Speaker of the Parliament of Nauru
- In office 1968 – January 1971
- Preceded by: position established
- Succeeded by: Kenas Aroi

Member of the Nauruan Parliament for Aiwo
- In office 31 January 1968 – 25 January 1971
- Preceded by: position established
- Succeeded by: Kinza Clodumar

Personal details
- Born: 21 December 1922 Nauru
- Died: 17 July 1989 (aged 66) Nauru

= Itubwa Amram =

Nauruan politician

The Reverend Alfred Itubwa Amram (21 December 1922 – 17 July 1989) was a Nauruan pastor and political figure.

==Professional roles==

===Political role===

He was a member of the first parliament of the Republic of Nauru.
He was the Speaker of the Parliament of Nauru from 1968 to January 1971.
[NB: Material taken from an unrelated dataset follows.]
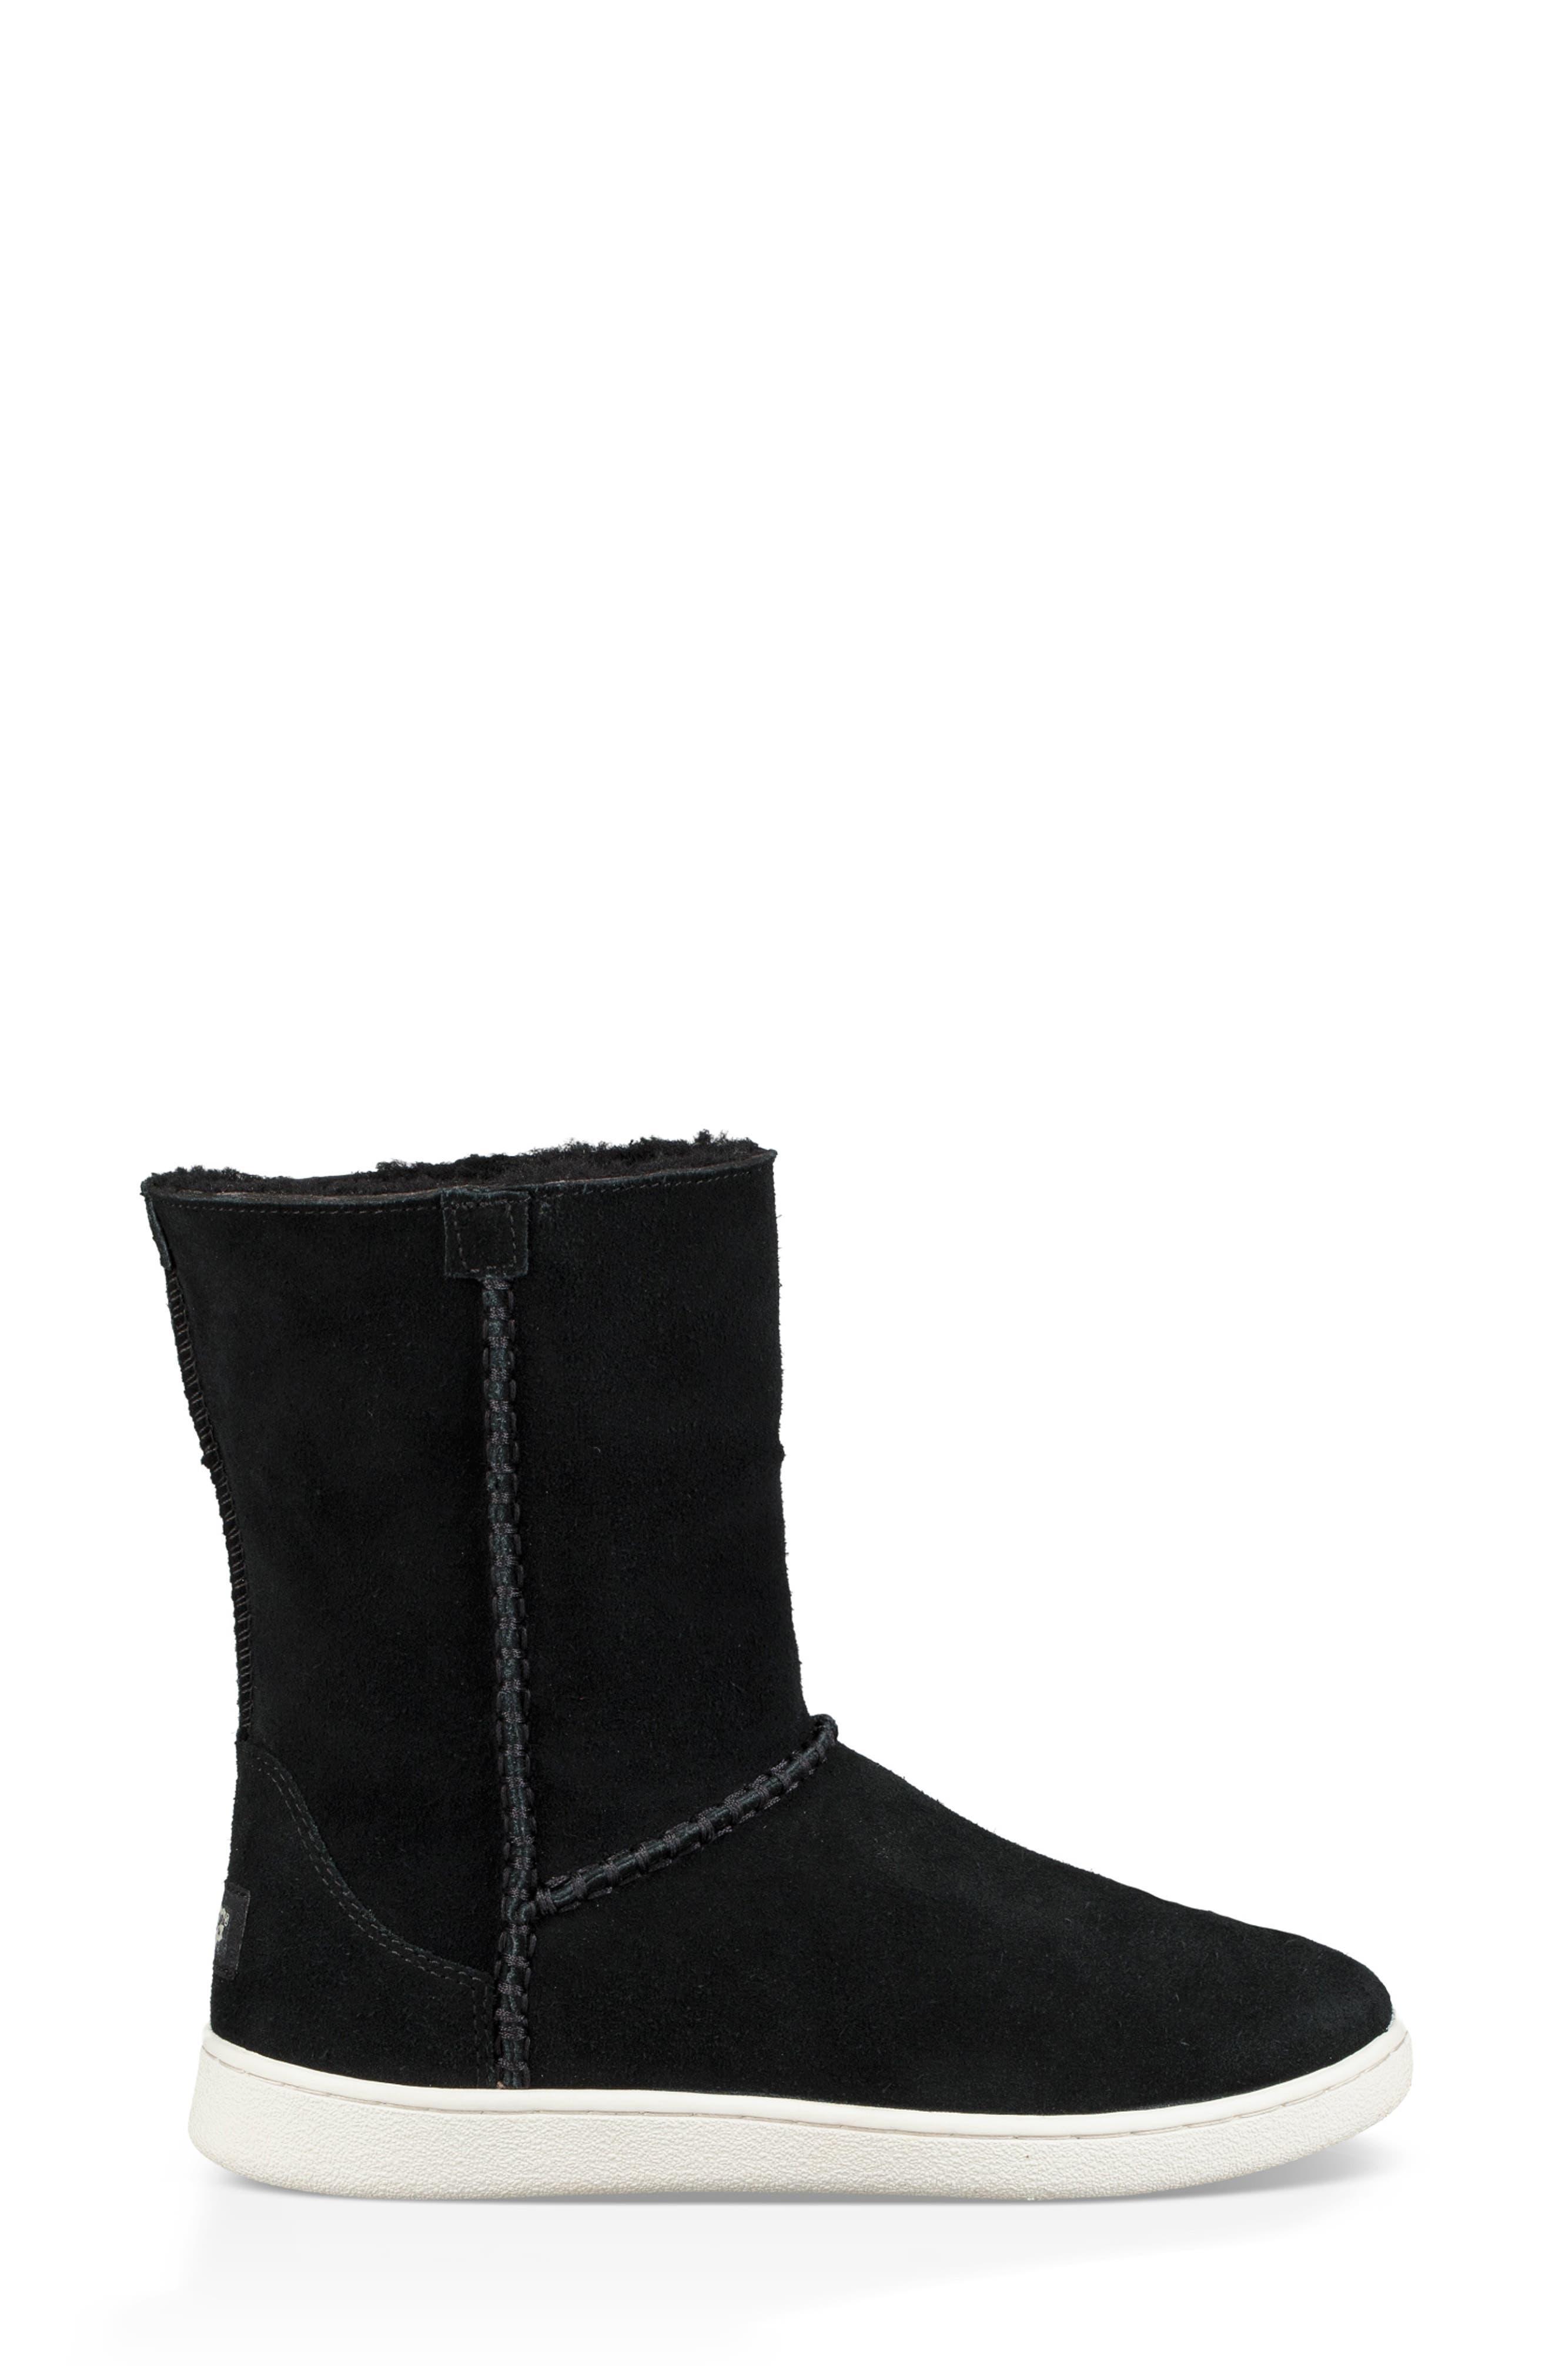 Mika Classic Genuine Shearling Sneaker,                             Alternate thumbnail 7, color,                             BLACK

Standing for Aiwo Constituency, Amram was elected to parliament in early 1968 just before the country's independence. Four years later he lost his seat to Kinza Clodumar.

===Pastoral role===

Amram was the first Nauruan-born ordained minister, with all preceding ministers coming from abroad. Amram was trained in Australia. He later served as head of the Nauruan Protestant Church.

==Personal life==
Amram was a member of the Iruwa tribe.

==Death==
Amram died on 17 July 1989, at age 66.